The goal of the OMG is to have a fully electronically negotiated
interaction, such that one doesn't have to read a localized manual to
determine how systems interoperate. More specifically there is a real
API that allows systems to communicate with one another. This does not
exist with HL7. One can create messages and responses, but there is no
rigorous API for doing so.
In any case, the use of the term "Interface" by HL7 is not what we are
talking about in a programming interface with well defined semantics.
Dave
At 09:19 AM 2/9/2003 -0500, John S Gage wrote:
Dave,
At the risk of beating a dead horse, could you just delineate the
differences between your interface approach and the interface approach
of HL7. One, I think, justifiably could argue that HL7 has actively
supported the balkanization of health IT (vendors basically run HL7),
whereas OMG can lead away from balkanization.
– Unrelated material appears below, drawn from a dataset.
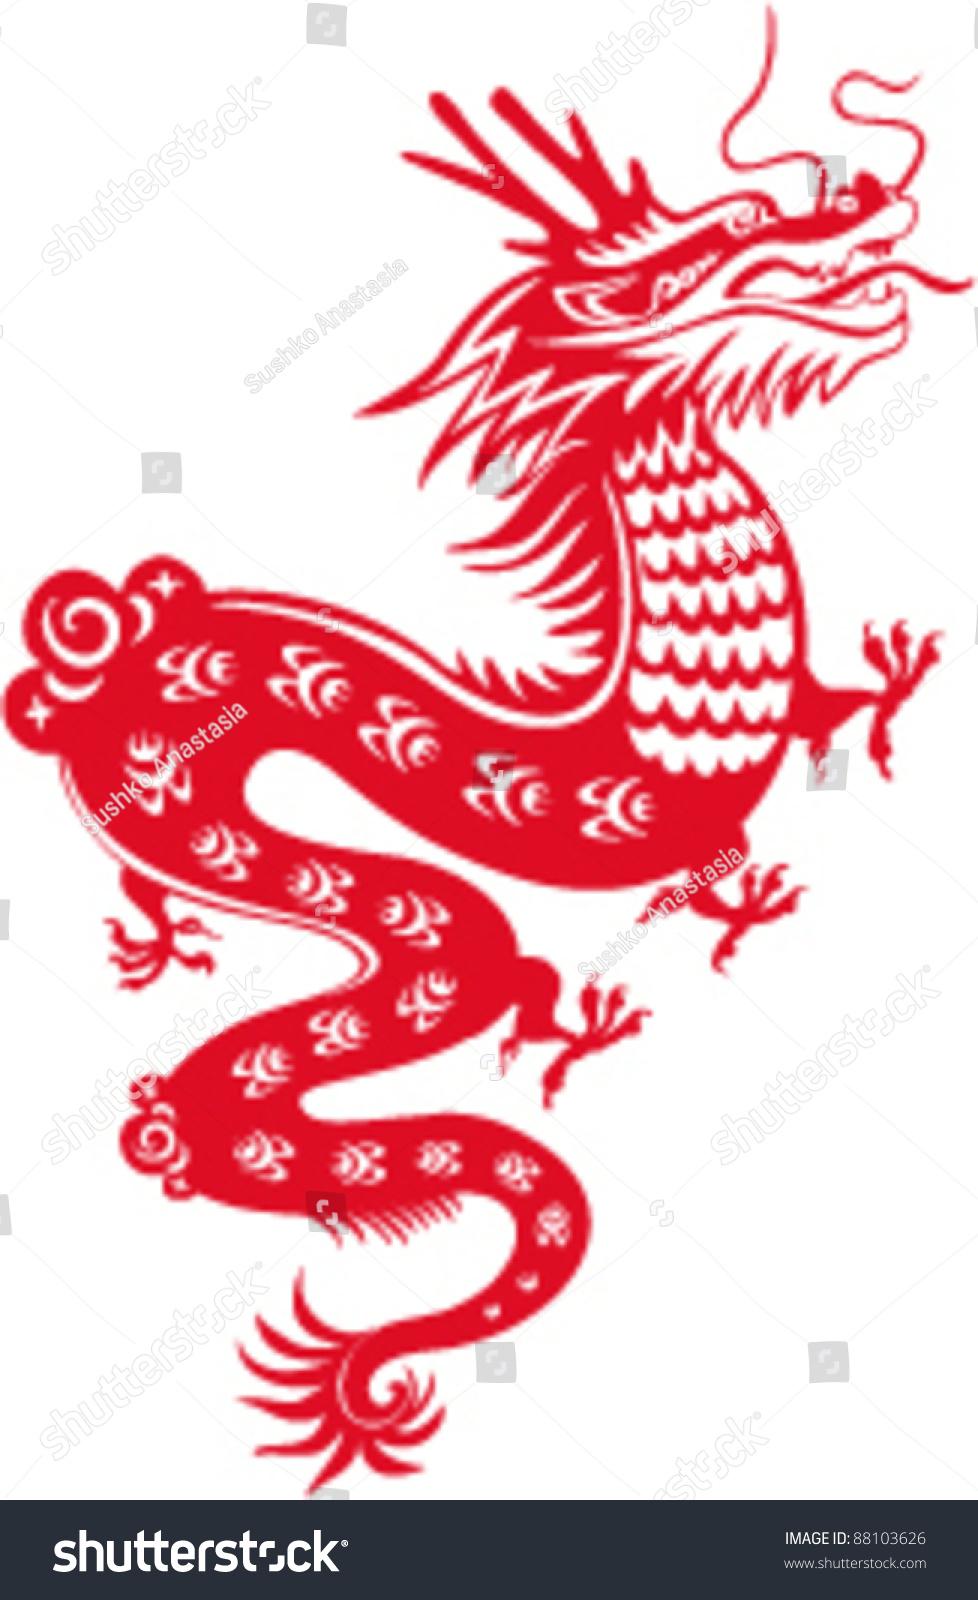 Dragon year 2012 chinese zodiac symbol stock vector 88103626 chinese zodiac symbol buycottarizona

For example, it is relatively difficult to interface two systems
using HL7. Is it easier with OMG CORBA? Does it require more or less
effort on the part of the people doing the interfacing?
John
On Saturday, February 8, 2003, at 10:57 PM, David Forslund wrote:
This is exactly the reason for components which can enable the
construction of
a system rather than a monolithic system. This approach has been pursued
by the OMG's Healthcare Domain Taskforce, which has 4 international
specifications
with well defined interfaces that have been implemented by multiple
vendors and
open source developers. The failure of these to be widely recognized
is due to
two factors. One the lack of understanding of the value of this
interface approach
and the desire of vendors for this approach to fail since it could
radically lower
IT healtcare costs. The importance of this can be understood by
realizing
that there are potentially many implementations of the Internet's DNS
service, but
no one worries about the vendor because the programming interface is
well defined.
If it wasn't the Internet wouldn't function because it would consist of
a bunch of balkanized
states. This is the state of healthcare (in the US, at least) IT, and
won't improve
until people realize the importance of interoperable components that can
be used by everyone within the healthcare domain. These standards
exist (although
not complete), and have been ready for use for a long time. I've been
trying
to get the Open Source community behind them because of their importance
and the desire to produce low cost healthcare solutions available to all.